Dataset entries
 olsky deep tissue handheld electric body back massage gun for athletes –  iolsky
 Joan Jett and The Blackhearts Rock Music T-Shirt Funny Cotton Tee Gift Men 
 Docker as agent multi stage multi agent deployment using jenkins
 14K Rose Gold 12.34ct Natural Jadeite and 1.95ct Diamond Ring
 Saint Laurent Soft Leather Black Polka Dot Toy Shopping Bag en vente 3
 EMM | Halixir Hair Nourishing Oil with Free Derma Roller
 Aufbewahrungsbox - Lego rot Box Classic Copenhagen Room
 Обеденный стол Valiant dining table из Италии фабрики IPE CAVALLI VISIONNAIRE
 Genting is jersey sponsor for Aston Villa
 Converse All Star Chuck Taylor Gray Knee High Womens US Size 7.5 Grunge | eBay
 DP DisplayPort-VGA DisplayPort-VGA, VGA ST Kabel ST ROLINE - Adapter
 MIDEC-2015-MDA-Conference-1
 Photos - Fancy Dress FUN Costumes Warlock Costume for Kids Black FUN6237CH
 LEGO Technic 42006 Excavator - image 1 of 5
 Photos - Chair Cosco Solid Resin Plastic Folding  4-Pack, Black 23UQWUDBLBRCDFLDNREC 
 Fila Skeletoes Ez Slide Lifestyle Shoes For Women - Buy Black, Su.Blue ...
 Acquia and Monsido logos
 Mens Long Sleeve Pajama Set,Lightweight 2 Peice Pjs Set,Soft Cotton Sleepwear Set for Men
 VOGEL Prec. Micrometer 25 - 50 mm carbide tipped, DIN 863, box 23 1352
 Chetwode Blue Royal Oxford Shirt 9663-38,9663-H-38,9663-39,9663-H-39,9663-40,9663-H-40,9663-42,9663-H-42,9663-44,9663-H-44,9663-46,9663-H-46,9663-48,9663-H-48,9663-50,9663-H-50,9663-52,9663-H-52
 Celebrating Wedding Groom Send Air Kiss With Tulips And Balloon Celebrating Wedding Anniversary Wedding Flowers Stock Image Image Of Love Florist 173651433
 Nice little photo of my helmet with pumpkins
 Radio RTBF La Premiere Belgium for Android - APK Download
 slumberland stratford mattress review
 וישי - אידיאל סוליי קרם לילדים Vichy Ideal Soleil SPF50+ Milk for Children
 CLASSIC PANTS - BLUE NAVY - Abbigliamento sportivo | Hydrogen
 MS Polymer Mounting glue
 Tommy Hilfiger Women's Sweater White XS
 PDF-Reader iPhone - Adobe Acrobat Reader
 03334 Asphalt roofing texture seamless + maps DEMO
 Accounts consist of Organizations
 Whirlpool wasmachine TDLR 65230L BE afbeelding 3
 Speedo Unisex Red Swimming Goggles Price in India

- _EXERCISE GOAL_:
Copy each line of the data above that holds "Shirt".

- _REPLY TO THE TASK_:
 Joan Jett and The Blackhearts Rock Music T-Shirt Funny Cotton Tee Gift Men 
 Chetwode Blue Royal Oxford Shirt 9663-38,9663-H-38,9663-39,9663-H-39,9663-40,9663-H-40,9663-42,9663-H-42,9663-44,9663-H-44,9663-46,9663-H-46,9663-48,9663-H-48,9663-50,9663-H-50,9663-52,9663-H-52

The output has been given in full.